**EXERCISE PROMPT:** For the listing below, print exactly the lines from the line with "Вироби із модульного 3D оригамі." to the line with "Greenshoots: HeatFix Scotland", both included, and nothing beyond them.

**INFORMATION:**
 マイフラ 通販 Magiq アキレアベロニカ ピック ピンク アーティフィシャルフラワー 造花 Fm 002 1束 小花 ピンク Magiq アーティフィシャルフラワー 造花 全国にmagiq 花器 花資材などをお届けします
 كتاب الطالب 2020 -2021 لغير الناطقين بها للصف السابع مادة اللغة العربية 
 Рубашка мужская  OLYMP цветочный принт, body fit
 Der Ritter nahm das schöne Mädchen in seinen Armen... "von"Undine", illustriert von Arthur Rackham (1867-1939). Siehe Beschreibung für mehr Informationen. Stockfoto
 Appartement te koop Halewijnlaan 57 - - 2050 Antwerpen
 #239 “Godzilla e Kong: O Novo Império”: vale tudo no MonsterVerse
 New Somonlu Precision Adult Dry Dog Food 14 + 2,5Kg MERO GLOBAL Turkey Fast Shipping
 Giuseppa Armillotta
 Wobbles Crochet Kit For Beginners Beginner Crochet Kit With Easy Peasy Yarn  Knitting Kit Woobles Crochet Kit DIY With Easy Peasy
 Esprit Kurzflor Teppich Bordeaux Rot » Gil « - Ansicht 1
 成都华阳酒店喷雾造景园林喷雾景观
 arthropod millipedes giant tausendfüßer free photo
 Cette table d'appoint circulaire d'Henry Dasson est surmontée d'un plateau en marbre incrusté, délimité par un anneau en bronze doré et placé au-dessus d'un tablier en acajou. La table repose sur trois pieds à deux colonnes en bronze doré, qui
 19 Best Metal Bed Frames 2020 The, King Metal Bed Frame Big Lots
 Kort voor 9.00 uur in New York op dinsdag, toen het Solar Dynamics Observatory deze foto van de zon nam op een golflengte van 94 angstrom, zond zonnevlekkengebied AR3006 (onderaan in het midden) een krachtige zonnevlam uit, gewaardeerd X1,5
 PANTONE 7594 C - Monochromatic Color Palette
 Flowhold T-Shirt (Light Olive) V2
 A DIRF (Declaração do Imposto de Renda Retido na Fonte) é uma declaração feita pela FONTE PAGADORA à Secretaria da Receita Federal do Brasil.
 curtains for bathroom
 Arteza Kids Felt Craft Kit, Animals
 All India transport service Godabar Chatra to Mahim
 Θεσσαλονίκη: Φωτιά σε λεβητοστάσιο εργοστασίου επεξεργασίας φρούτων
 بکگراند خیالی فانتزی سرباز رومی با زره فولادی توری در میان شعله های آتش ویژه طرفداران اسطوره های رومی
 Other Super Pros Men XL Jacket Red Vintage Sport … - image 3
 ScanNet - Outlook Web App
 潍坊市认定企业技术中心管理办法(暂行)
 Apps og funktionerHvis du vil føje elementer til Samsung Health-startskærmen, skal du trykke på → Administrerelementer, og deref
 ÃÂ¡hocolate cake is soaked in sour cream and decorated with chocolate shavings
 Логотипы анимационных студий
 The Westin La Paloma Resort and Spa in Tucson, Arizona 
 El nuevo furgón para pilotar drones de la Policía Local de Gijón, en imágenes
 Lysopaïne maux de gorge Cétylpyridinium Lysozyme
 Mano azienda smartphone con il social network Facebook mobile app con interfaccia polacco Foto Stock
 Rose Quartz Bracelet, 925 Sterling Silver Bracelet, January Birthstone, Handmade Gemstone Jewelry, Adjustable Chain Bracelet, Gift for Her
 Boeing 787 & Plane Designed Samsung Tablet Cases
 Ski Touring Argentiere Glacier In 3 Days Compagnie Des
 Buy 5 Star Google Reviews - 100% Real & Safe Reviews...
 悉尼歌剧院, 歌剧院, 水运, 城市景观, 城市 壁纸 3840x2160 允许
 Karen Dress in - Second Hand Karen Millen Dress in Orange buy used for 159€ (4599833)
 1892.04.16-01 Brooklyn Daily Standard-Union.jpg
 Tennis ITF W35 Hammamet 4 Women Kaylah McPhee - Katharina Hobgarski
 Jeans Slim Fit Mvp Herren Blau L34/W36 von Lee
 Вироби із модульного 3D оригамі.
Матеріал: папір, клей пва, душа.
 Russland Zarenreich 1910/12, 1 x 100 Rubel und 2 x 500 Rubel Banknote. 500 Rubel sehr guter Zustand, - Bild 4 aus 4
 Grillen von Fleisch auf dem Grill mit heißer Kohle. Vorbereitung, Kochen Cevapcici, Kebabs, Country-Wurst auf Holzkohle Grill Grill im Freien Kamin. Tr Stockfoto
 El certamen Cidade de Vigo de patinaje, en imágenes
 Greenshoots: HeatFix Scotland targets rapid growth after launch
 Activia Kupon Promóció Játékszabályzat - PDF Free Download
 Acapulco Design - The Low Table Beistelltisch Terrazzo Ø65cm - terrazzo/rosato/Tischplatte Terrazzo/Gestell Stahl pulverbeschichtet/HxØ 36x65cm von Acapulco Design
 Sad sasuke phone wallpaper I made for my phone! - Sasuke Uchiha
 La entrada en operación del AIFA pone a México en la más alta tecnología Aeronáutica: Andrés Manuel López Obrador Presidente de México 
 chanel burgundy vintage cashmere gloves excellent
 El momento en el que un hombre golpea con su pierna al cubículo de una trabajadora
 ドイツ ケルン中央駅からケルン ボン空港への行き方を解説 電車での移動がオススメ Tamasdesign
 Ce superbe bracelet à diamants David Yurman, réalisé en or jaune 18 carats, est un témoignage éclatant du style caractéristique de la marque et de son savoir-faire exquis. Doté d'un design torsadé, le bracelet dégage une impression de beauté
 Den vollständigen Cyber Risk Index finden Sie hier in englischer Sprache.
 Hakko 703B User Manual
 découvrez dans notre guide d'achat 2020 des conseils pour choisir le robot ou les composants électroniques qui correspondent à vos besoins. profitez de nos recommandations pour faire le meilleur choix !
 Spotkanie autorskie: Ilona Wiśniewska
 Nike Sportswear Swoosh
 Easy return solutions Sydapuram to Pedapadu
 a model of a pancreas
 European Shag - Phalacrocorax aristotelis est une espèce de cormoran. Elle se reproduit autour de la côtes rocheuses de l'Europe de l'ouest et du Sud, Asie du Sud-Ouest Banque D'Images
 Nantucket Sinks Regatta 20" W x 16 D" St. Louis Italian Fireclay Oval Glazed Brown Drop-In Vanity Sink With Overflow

**REPLY:**
 Вироби із модульного 3D оригамі.
Матеріал: папір, клей пва, душа.
 Russland Zarenreich 1910/12, 1 x 100 Rubel und 2 x 500 Rubel Banknote. 500 Rubel sehr guter Zustand, - Bild 4 aus 4
 Grillen von Fleisch auf dem Grill mit heißer Kohle. Vorbereitung, Kochen Cevapcici, Kebabs, Country-Wurst auf Holzkohle Grill Grill im Freien Kamin. Tr Stockfoto
 El certamen Cidade de Vigo de patinaje, en imágenes
 Greenshoots: HeatFix Scotland targets rapid growth after launch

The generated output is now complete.